PROVIDED RECORDS —
╔══

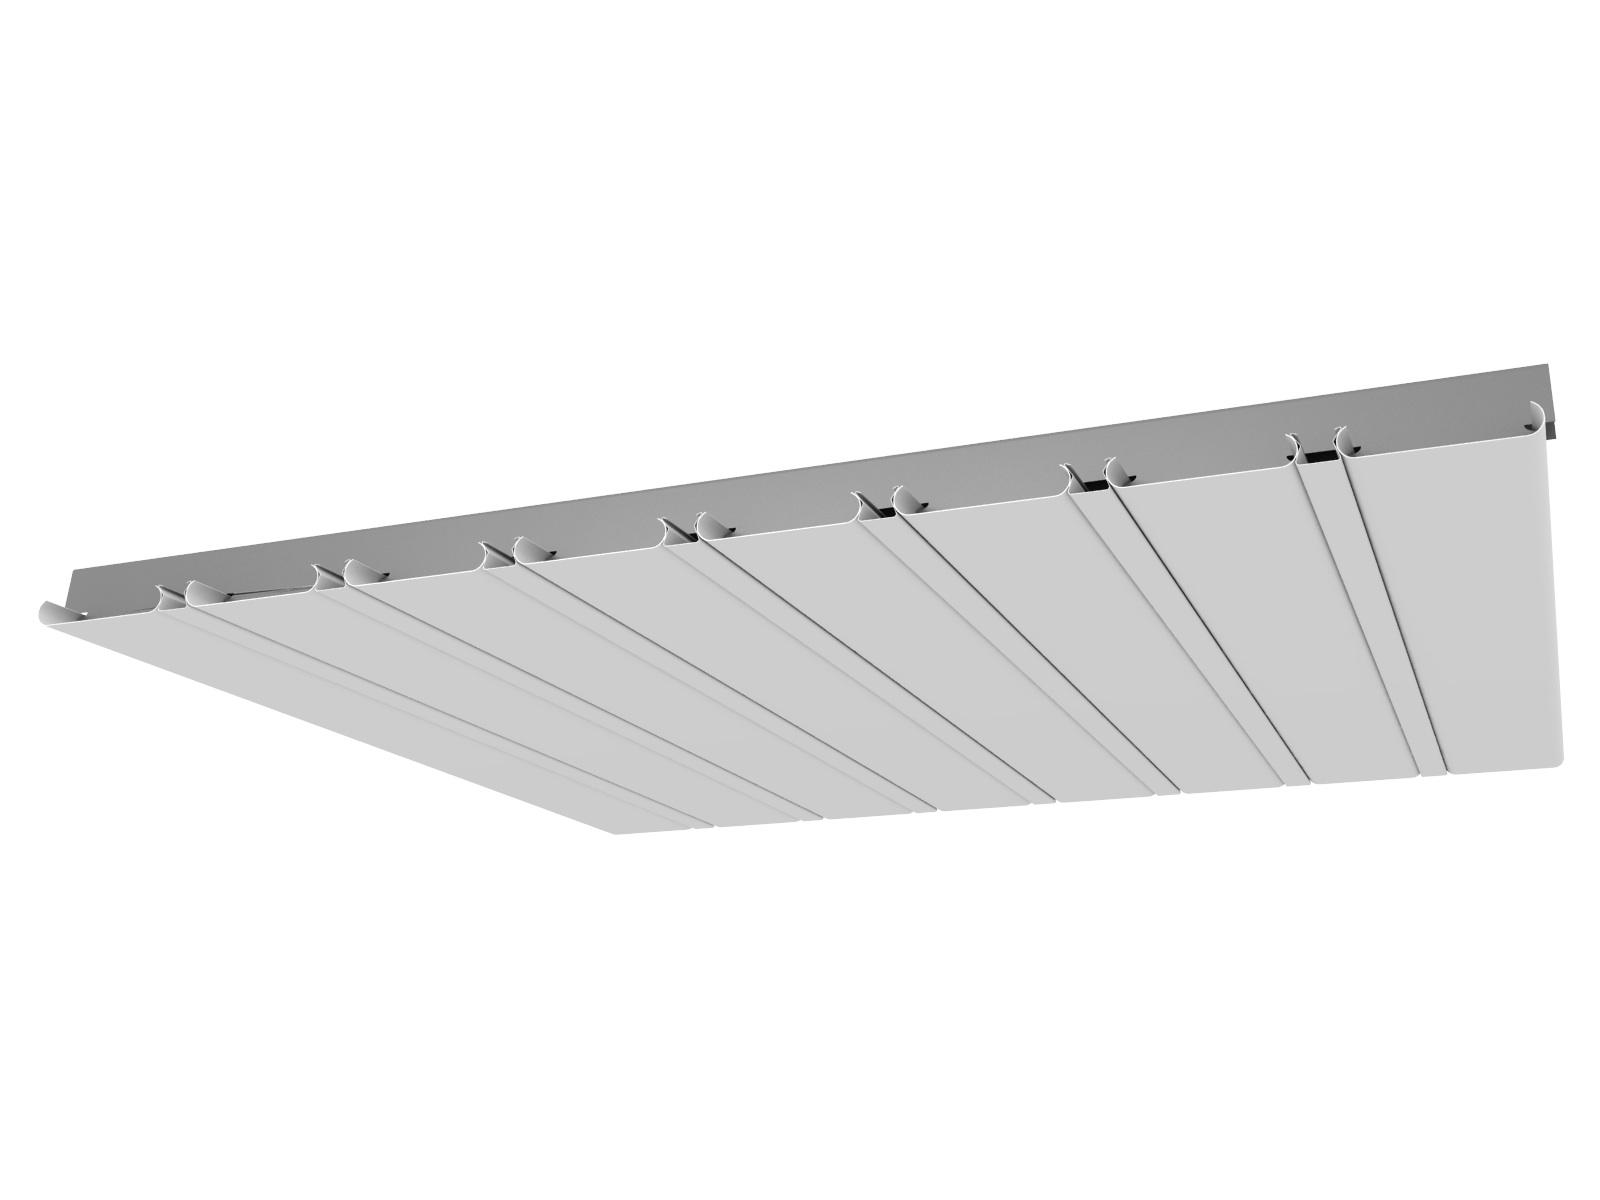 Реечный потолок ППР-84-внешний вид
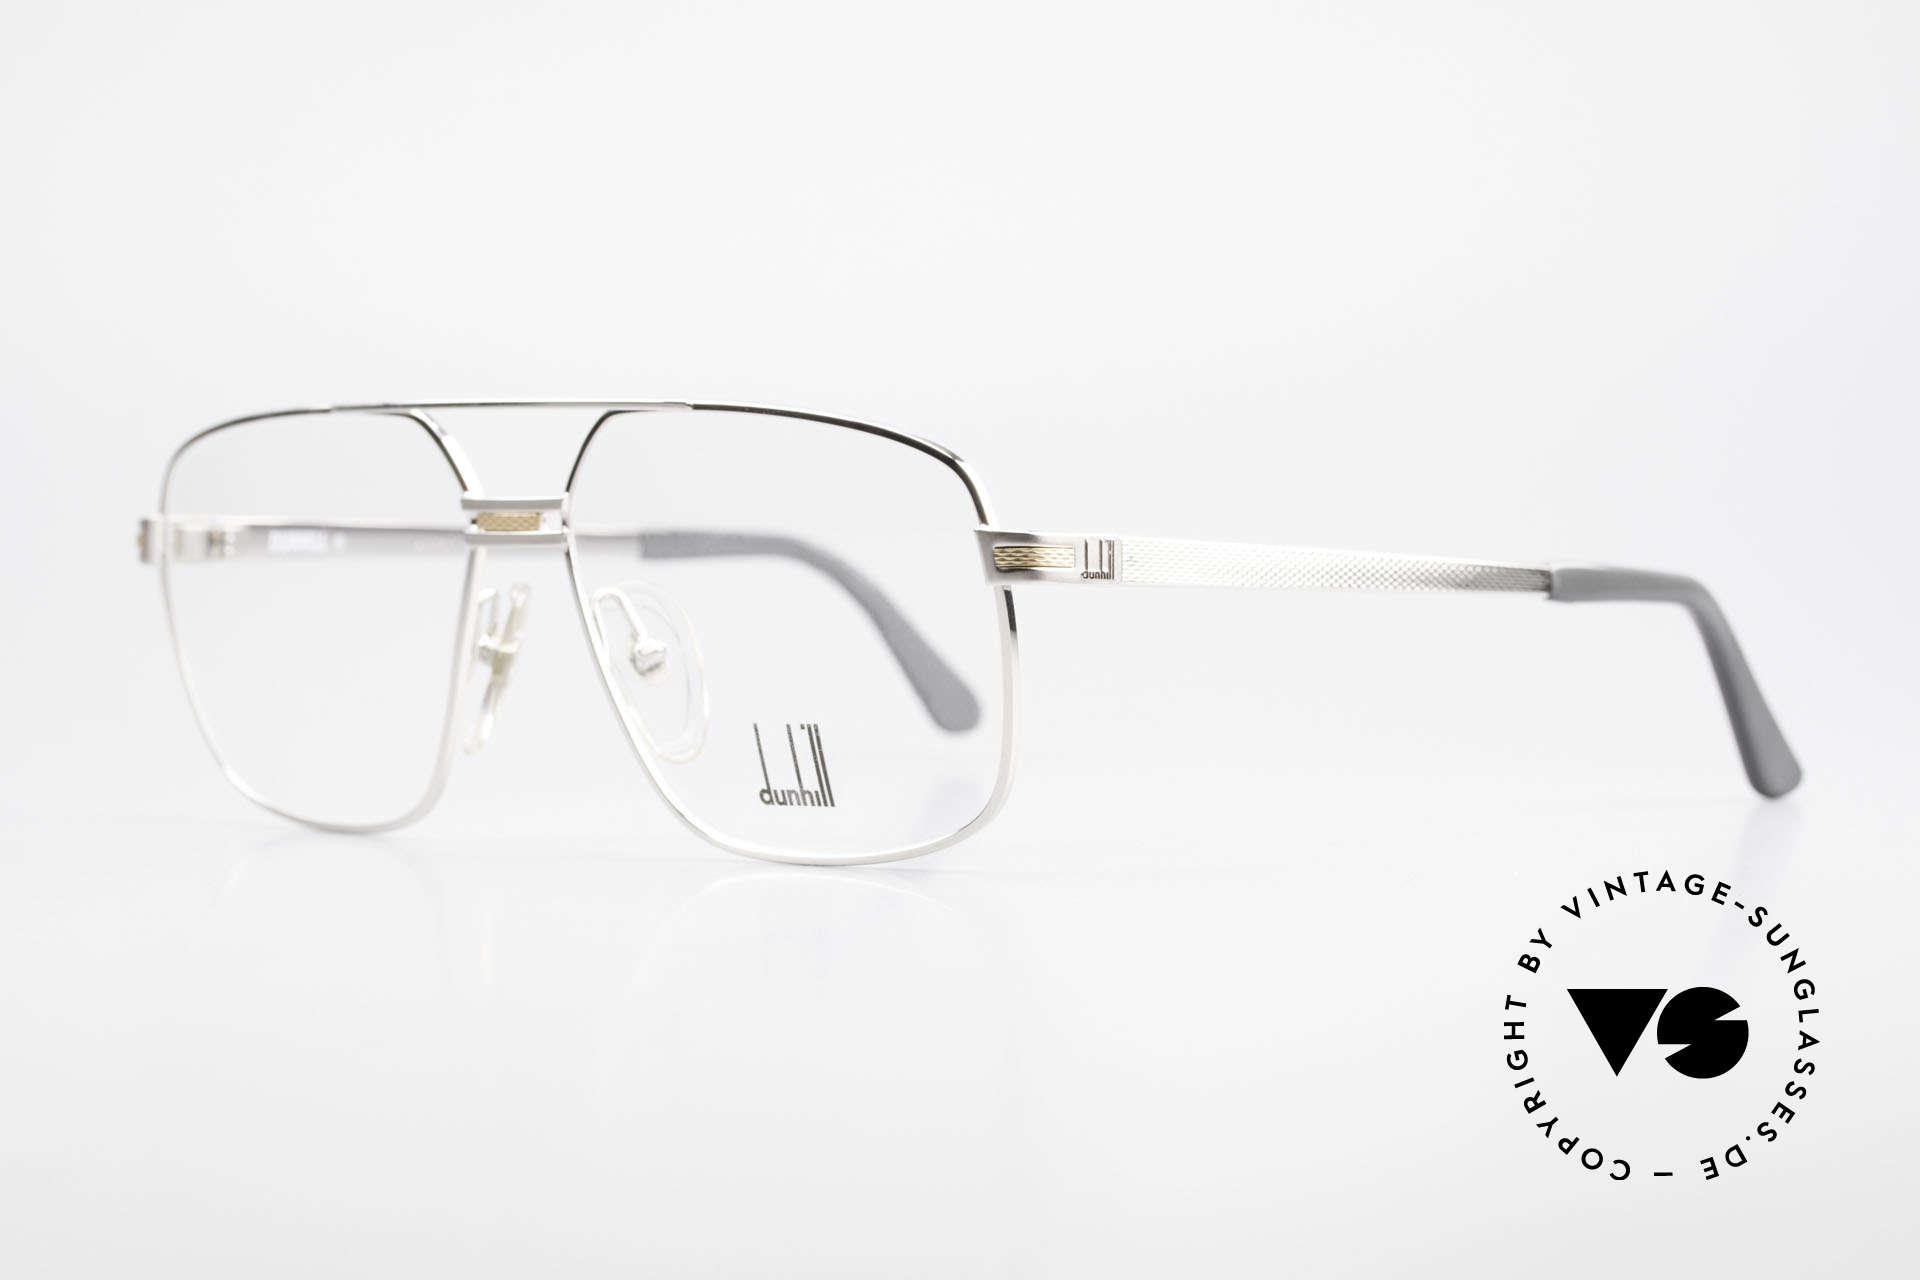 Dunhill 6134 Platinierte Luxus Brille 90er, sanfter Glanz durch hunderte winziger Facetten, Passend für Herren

╚══
╔══

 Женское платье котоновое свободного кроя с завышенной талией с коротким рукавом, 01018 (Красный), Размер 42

╚══

REQUIRED WORK — Starting at the line above that holds "Реечный потолок ППР-84-внешний вид", return each line up to and including the one that holds "Dunhill 6134 Platinierte", exactly as written, minus any pictures.

THE COMPLETED TASK —
 Реечный потолок ППР-84-внешний вид
 Dunhill 6134 Platinierte Luxus Brille 90er, sanfter Glanz durch hunderte winziger Facetten, Passend für Herren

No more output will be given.